Far from supporting women’s rights, banning the burkini will only leave the women who wear it feeling persecuted. Even those with no choice in the matter are not helped by the ban. This legal measure does nothing to challenge patriarchal authority over female bodies in the home. Instead, it further restricts the lives of veiled women by replacing it with state authority in public.

Open Islamophobia

Supporters of the ban have also claimed that, with racial tensions high after recent terrorist attacks, it is provocative to wear this form of Muslim clothing. Such an argument was made by Pierre-Ange Vivoni, mayor of Sisco in Corsica, when he banned the burkini in his commune. Early reports suggested a violent clash between local residents and non-locals of Moroccan origin was triggered when strangers photographed a burkini-wearing woman in the latter group, which angered her male companions. Vivoni claimed that banning the costume protected the security of local people, including those of North African descent.
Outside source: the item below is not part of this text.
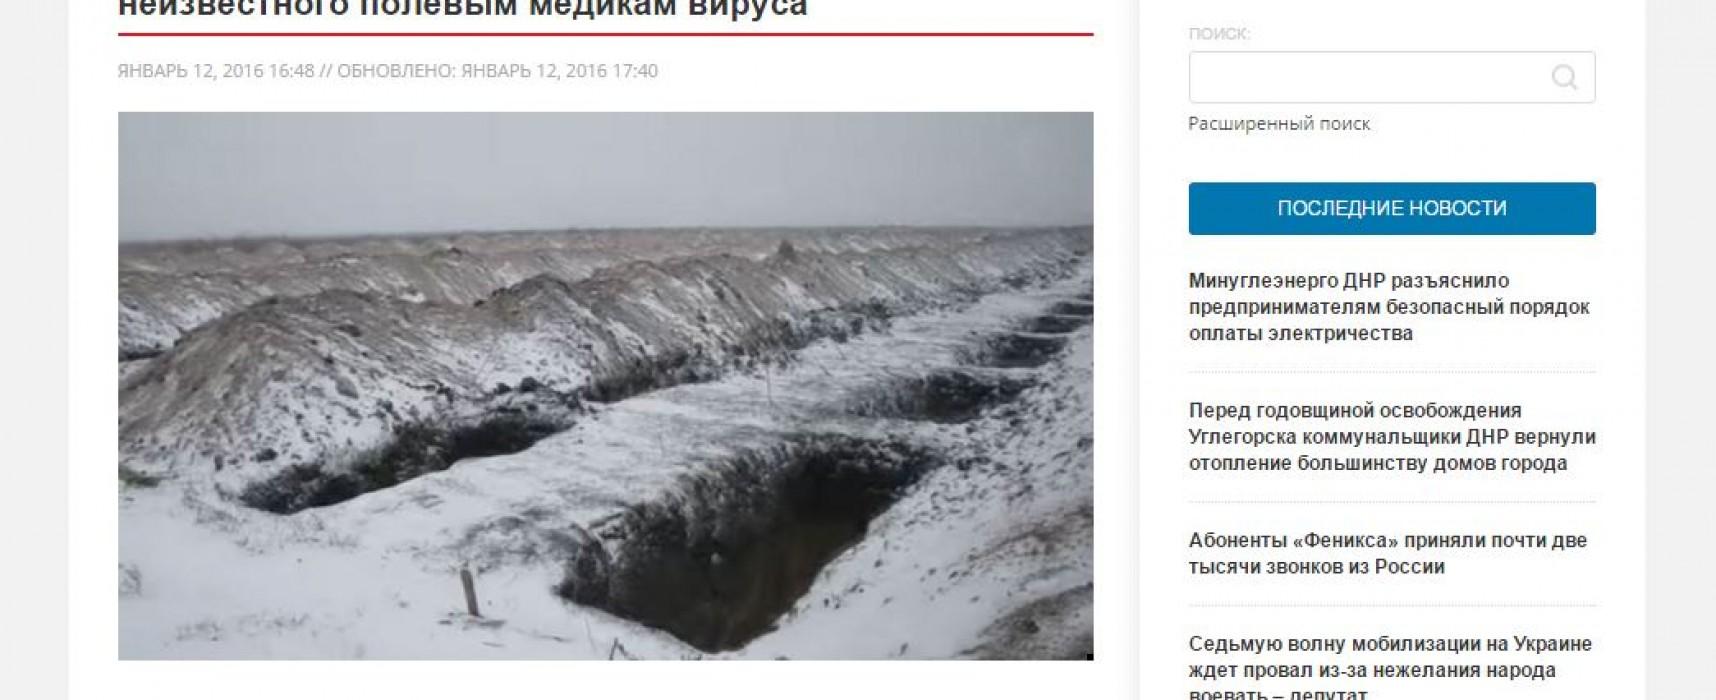 Фейк: 20 солдат погибли из-за утечки вируса под Харьковом

Those reports have transpired to be false: none of the women in question were even wearing a burkini at the time of the incident. Nonetheless, the ban has stood in Sisco and elsewhere.

To be “provoked” by the burkini is to be provoked by the visibility of Muslims. Banning it on this basis punishes Muslim women for other people’s prejudice. It also disregards the burkini’s potential to promote social cohesion by giving veiled women access to the same spaces as their non-Muslim compatriots.
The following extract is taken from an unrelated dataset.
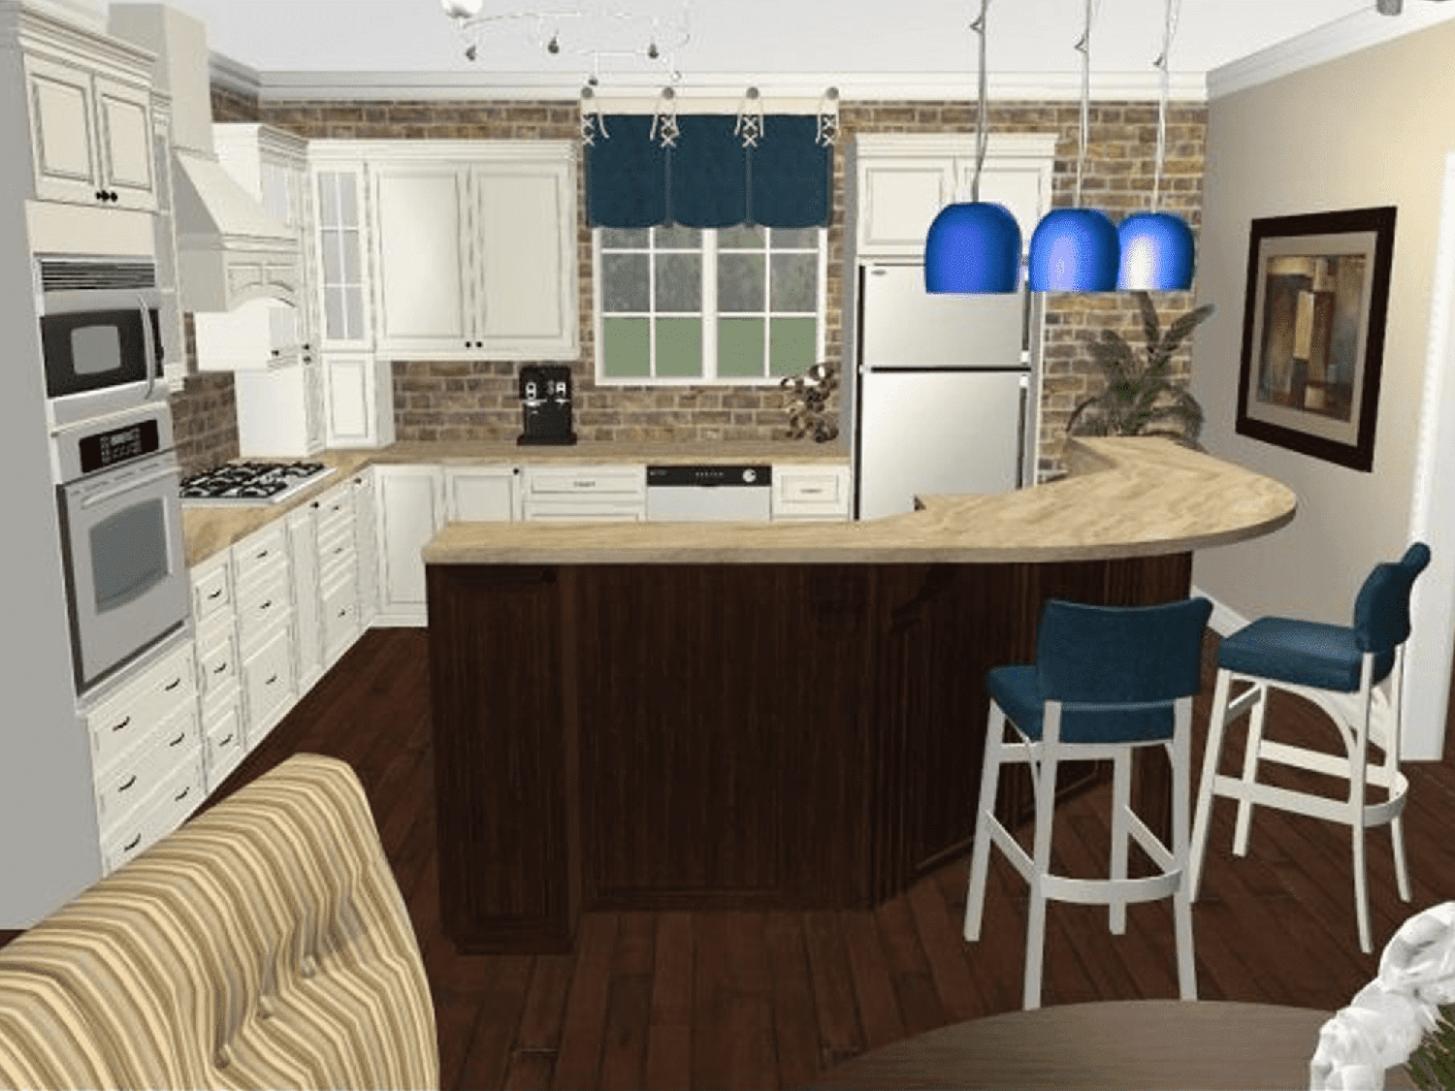 Free Online Room Design Software Applications - Apartment Design Tool Online

Appeals to public order have, occasionally, been openly Islamophobic. Thierry Migoule, head of municipal services in Cannes, claimed that the burkini “refers to an allegiance to terrorist movements”, conveniently ignoring the Muslim victims of recent attacks. Barely a month after Muslims paying their respects to friends and family killed in Nice were racially abused, such comments are both distasteful and irresponsible.

Increased divisions

Feiza Ben Mohammed, spokesperson for the Federation of Southern Muslims, fears that stigmatising Muslims in this way will play into the hands of IS recruiters. That fear seems well-founded: researchers cite a sense of exclusion as a factor behind the radicalisation of a minority of French Muslims. Measures like this can only exacerbate that problem. Indeed, provoking repressive measures against European Muslims to cultivate such a sentiment is part of the IS strategy.

Meanwhile, the day after the incident in Sisco, riot police were needed in nearby Bastia to prevent a 200-strong crowd chanting “this is our home” from entering a neighbourhood with many residents of North African descent. Given the recent warning from France’s head of internal security of the risk of a confrontation between “the extreme right and the Muslim world”, such scenes are equally concerning.

Now more than ever, France needs unity. Yet more legislation against veiled women can only further divide an already divided nation.